Banks are the major players in the consumer finance field in China for now

Written by Felix Yang || September 21 2016

The Bank of Harbin was granted a license to set up its consumer finance company, Hayin, on September 19th. The bank owns 59% shares of Hayin’s equity with paid-in capital RMB295 million ($44 million). It is another consumer finance license which is issued by the China Banking Regulatory Commission (CBRC) to a company that has a banking background. 

In a narrow sense, Consumer Finance refers to institutions which provide loans to customers in order to satisfy their consumption needs, while car and property purchasing is not included. The loans are typically small, easy to apply for, and more flexible. Also, the borrowing period is short. Middle to lower income consumers are the targeted groups and the purpose of borrowing includes travel, weddings, education, beauty, etc..

From the time the market started to get popular in 2015 until now, there were 16 consumer finance companies in China. The consumer finance industry attracts capital from Banks, e-commerce companies, and various other industries. The involved parties all noticed the change of consumption habits of the Millennials, those who are born in the 1980s or 1990s. Their consumption needs are expected to keep growing as the new generation.

So far, among all the approved 16 companies, 12 of them are backed by banks. There are two reasons for the popularity of banks in this industry:

First of all, there are regulatory hurdles for new entries: the license applicant must be a financial institution and its revenue of most recent year must be over RMB30 billion ($4.48 billion). Banks have an advantage compared to most privately operated companies considering the size and qualification.

The second one is related to banks own benefits. They are looking for new growth point since profits from traditional loan business are decreasing. For banks’ credit card business, because 80% of customers repay their bills on time, the profits for banks are limited. Only 20% of credit card users let their balances carry over from month to month. So aiming at those customers who don't pay on time, the consumer finance companies may generate more return if they can build an efficient risk control system.
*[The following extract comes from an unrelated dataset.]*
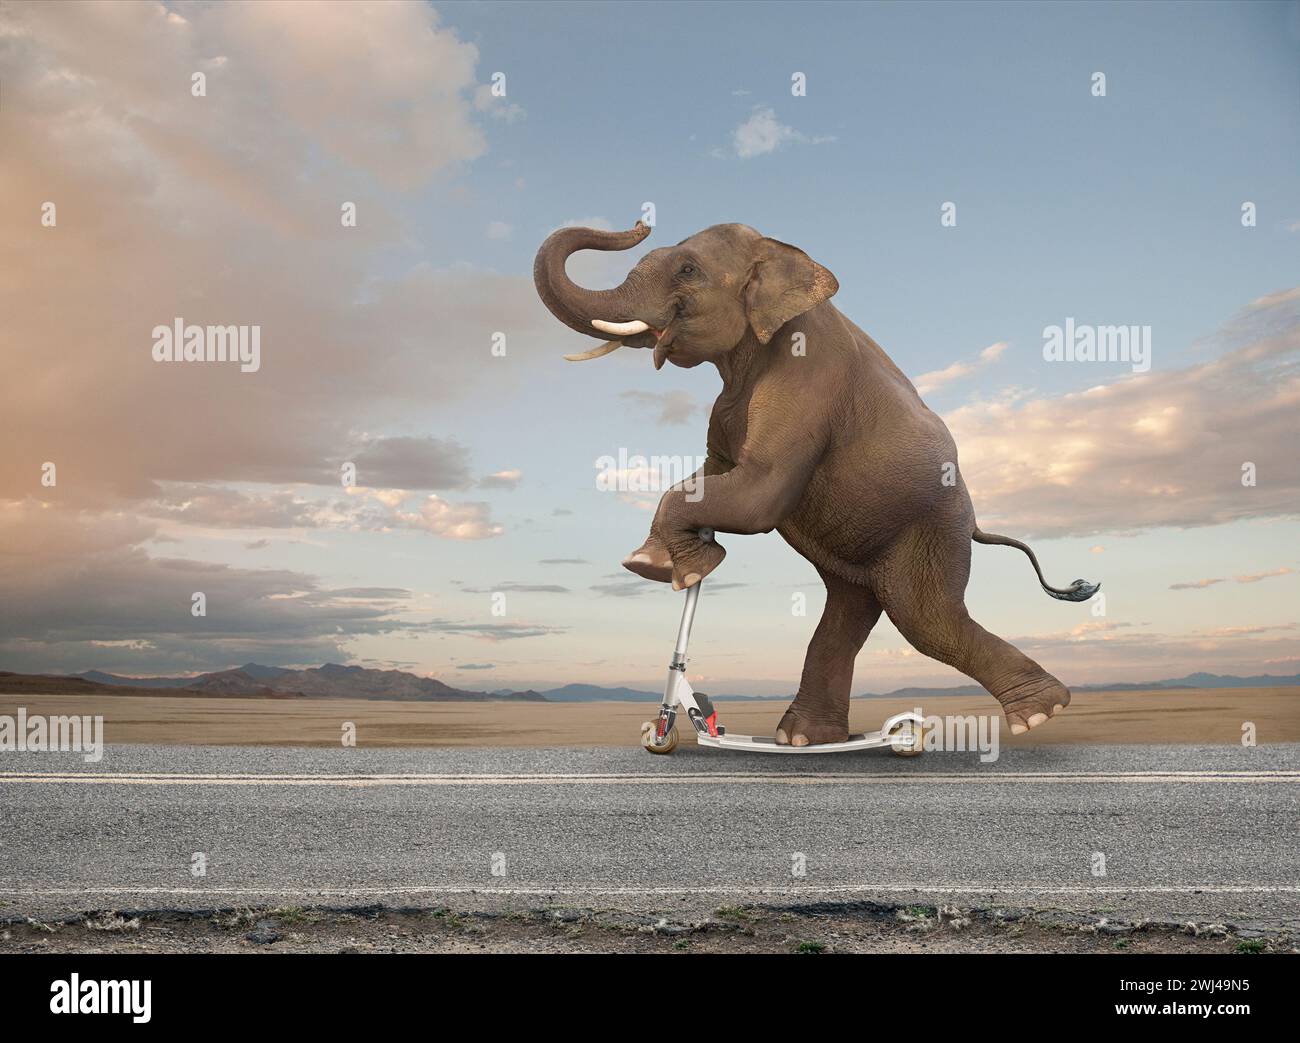 Un éléphant drôle court sur une route sur un scooter rasoir dans une image sur la vitesse inattendue, l'habileté et l'agilité. Banque D'Images

In the future, banks may not be the major players in the consumer finance fields. With the popularity of online shopping, many e-commerce companies have developed similar credit products to encourage more consumption on their platforms. For example, Hua’bei (spend it) from Ant finance and Bai’tiao (blank note) from JD finance are supported by Alibaba and Jingdong. However, the government has not released the restriction for these platforms yet. But for how long?